Initially, archaeologists had considered the Majiabang sites and sites in northern Jiangsu to be part of the same culture, naming it the Qingliangang culture.
Archaeologists later realized that the northern Jiangsu sites were of the later Dawenkou culture and renamed the southern Jiangsu sites as the Majiabang culture.
The Majiabang culture is to coexist with the Hemudu culture for over a thousand years as two separate and distinct cultures, with cultural transmissions between the two cultures.
Majiabang people cultivate rice.
At Caoxieshan, a site of the Majiabang culture, archaeologists excavated paddy fields.
However, faunal remains excavated from Majiabang archaeological sites indicated that people had domesticated pigs.
In addition, the remains of sika and roe deer have been found, showing that people were not completely reliant on agricultural production.
Archaeological sites also bear evidence that Majiabang people produced jade ornaments.
China’s Hemudu culture flourishes in Jiangnan, in modern Yuyao, Zhejiang, just south of the Hangzhou Bay.
The site at Hemudu, twenty-two kilometers northwest of Ningbo, was discovered in 1973.
Hemudu sites were also discovered on the islands of Zhoushan.
The Hemudu culture coexisted with the Majiabang culture as two separate and distinct cultures, with cultural transmissions between the two.
Two major floods caused the nearby Yaojiang River to change its course and inundated the soil with salt, forcing the people of Hemudu to abandon its settlements.

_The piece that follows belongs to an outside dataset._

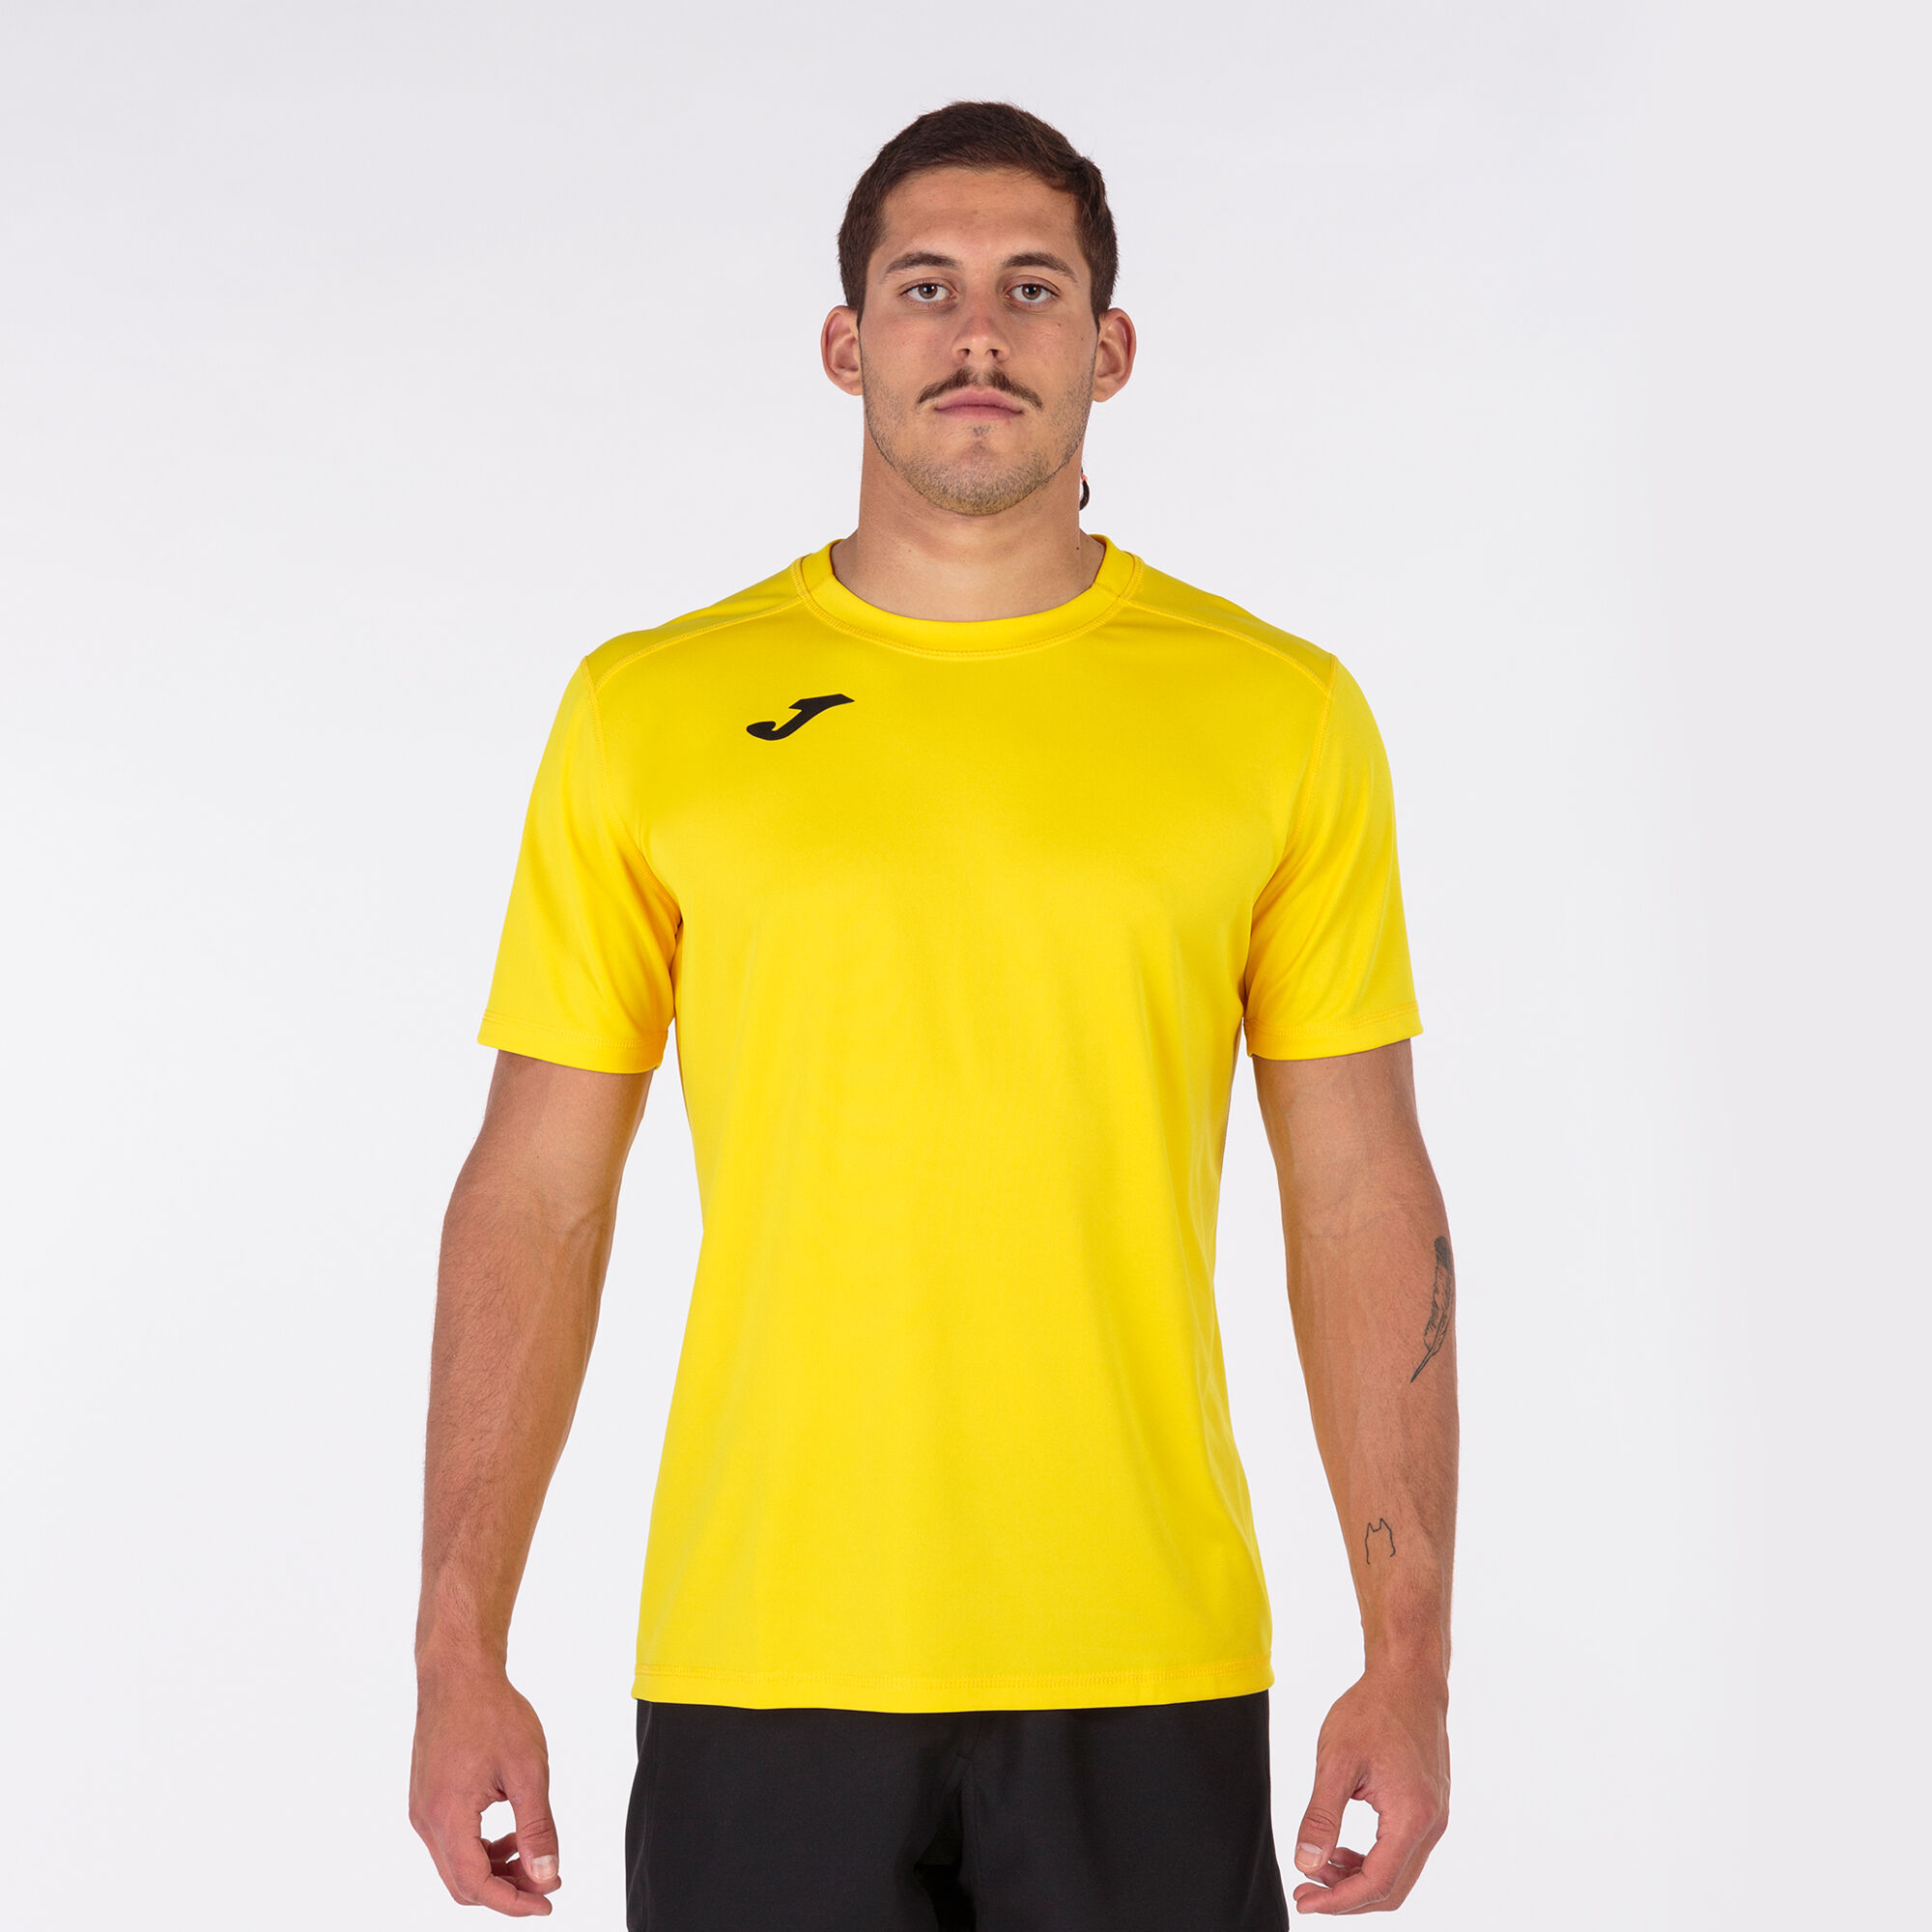 Camiseta manga corta hombre Strong amarillo

The Hemudu people lived in long, stilt houses.
The Hemudu culture is one of the earliest cultures to cultivate rice.
Most of the artifacts discovered at Hemudu consist of animal bones, exemplified by hoes made of shoulder bones used for cultivating rice.
The culture also produced lacquer wood.
The remains of various plants, including water caltrop, Nelumbo nucifera, acorns, beans, Gorgon euryale and bottle gourd, were found at Hemudu.
The Hemudu people likely domesticated pigs, water buffalo, and dogs.
The people at Hemudu also fished and hunted, as evidence by the remains of bone harpoons and bows and arrowheads.
Music instruments, such as bone whistles and wooden drums, were also found at Hemudu.
The culture produced a thick, porous pottery.
The distinct pottery was typically black and made with charcoal powder.
Plant and geometric designs were commonly painted onto the pottery; the pottery was sometimes also cord-marked.
The culture also produced carved jade ornaments, carved ivory artifacts and small, clay figurines.
Fossilized amoeboids and pollen suggests Hemudu culture emerged and developed in the middle of the Holocene Climatic Optimum.
A study of a sea-level highstand in the Ningshao Plain from 7000 – 5000 BP shows that there may have been stabilized lower sea levels at this time followed by frequent flooding, from 5000 to 3900 BP.